» **What is needed**
Repeat all of the data below word for word, keeping no images.
Data extract START
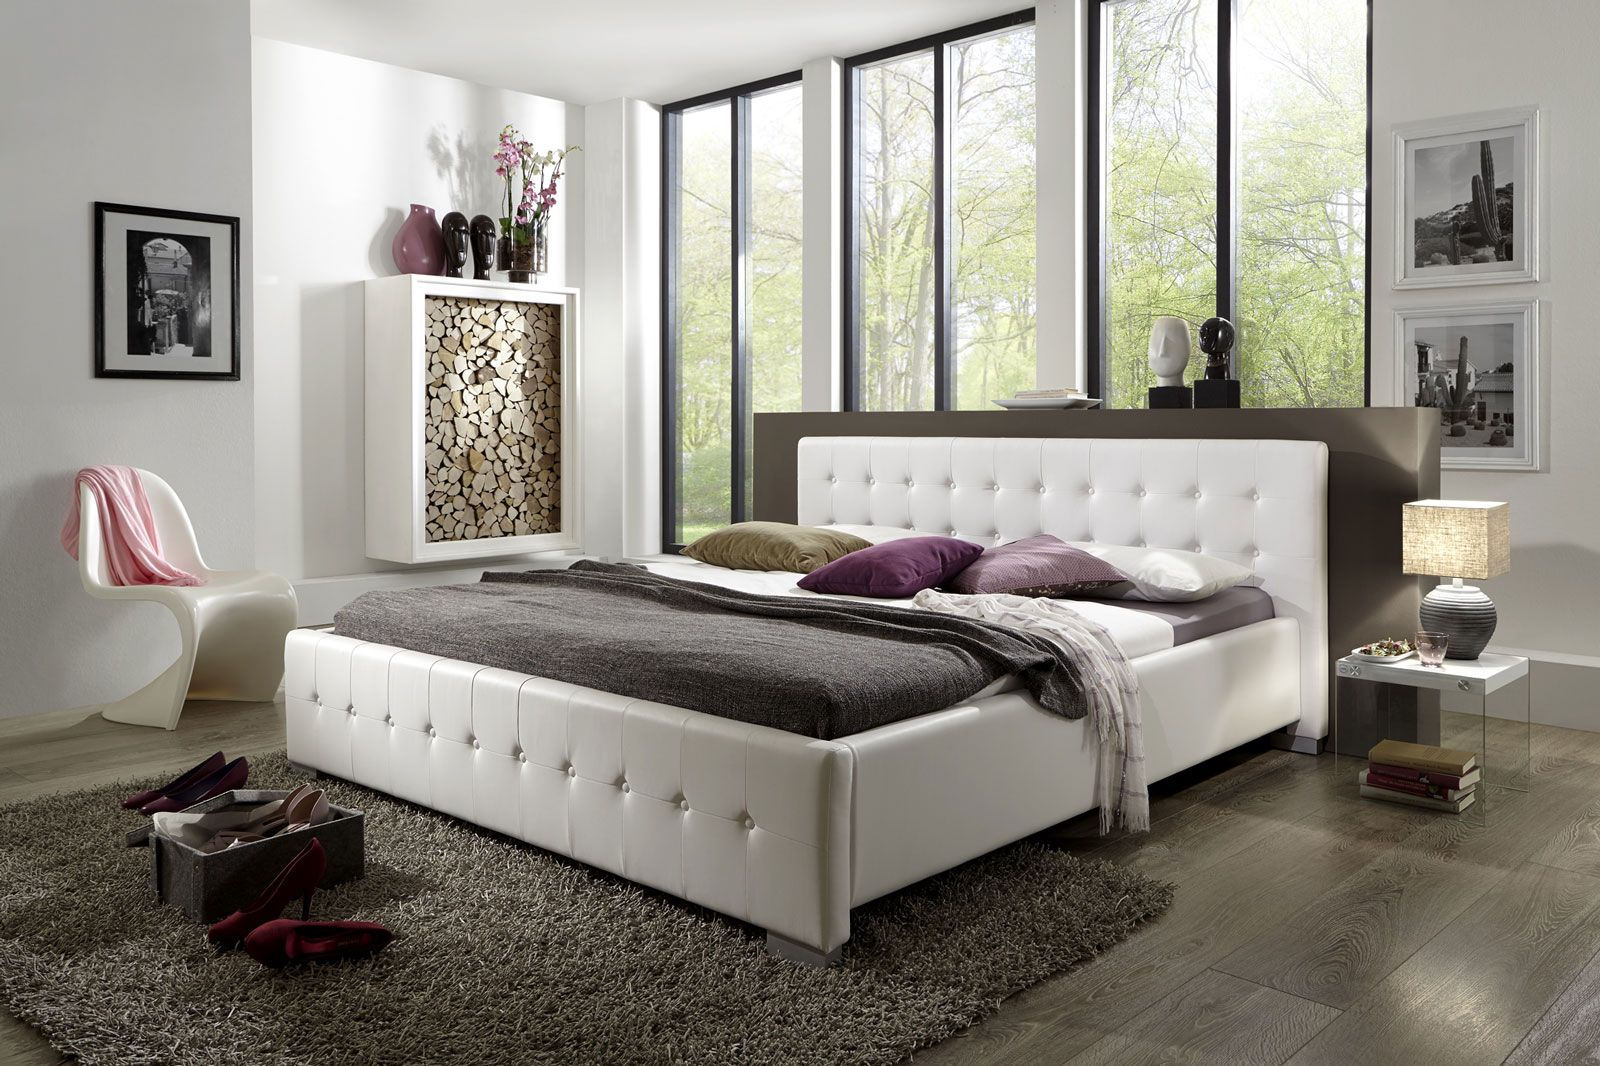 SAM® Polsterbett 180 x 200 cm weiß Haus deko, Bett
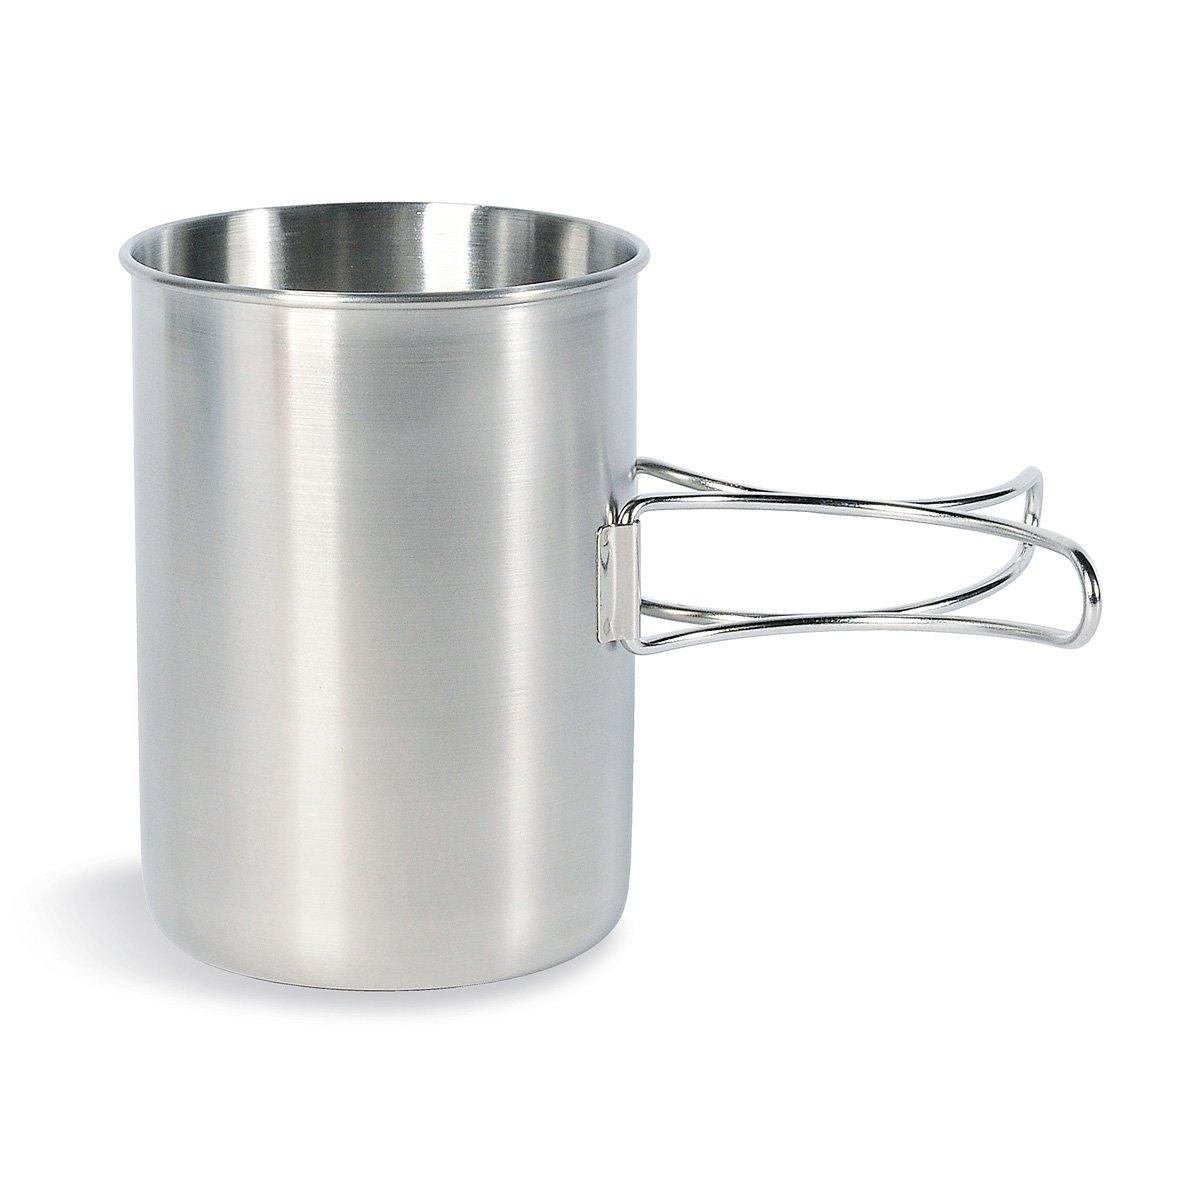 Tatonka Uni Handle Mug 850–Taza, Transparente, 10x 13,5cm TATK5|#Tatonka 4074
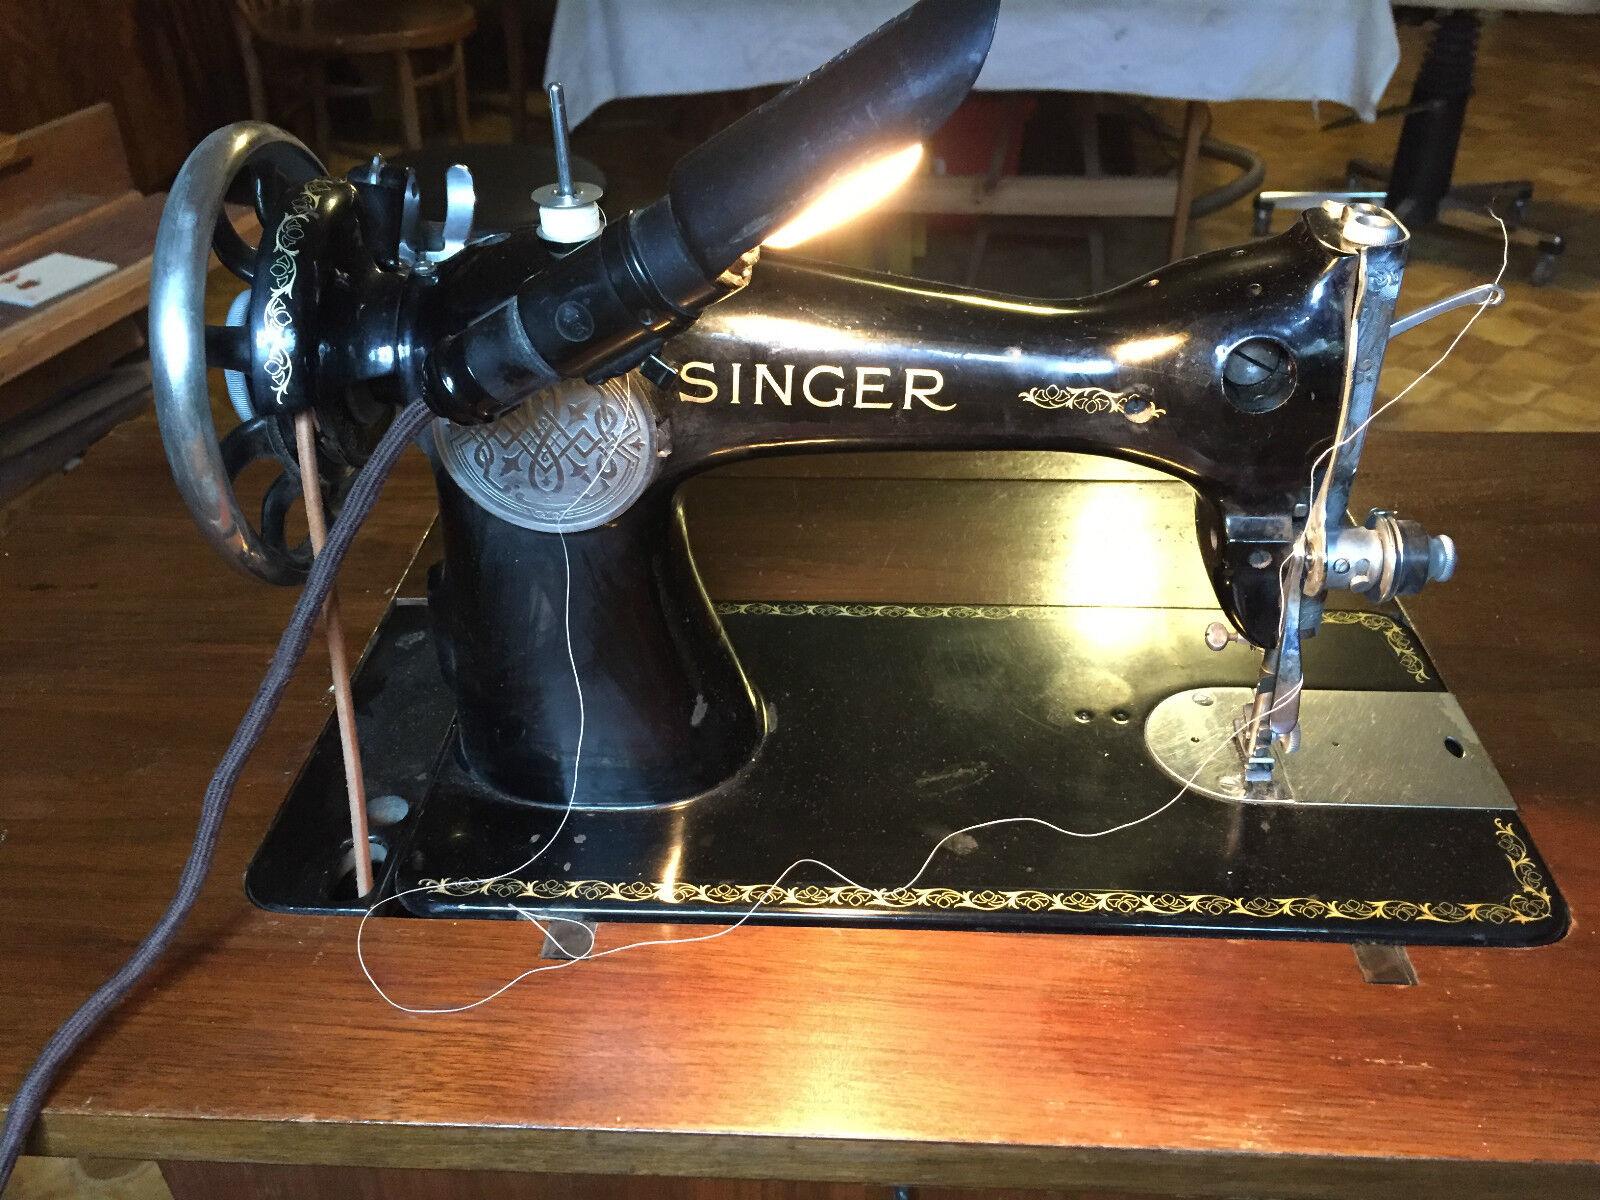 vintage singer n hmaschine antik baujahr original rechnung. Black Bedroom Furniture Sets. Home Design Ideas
Data extract END
» **Exercise result**
 SAM® Polsterbett 180 x 200 cm weiß Haus deko, Bett
 Tatonka Uni Handle Mug 850–Taza, Transparente, 10x 13,5cm TATK5|#Tatonka 4074
 vintage singer n hmaschine antik baujahr original rechnung. Black Bedroom Furniture Sets. Home Design Ideas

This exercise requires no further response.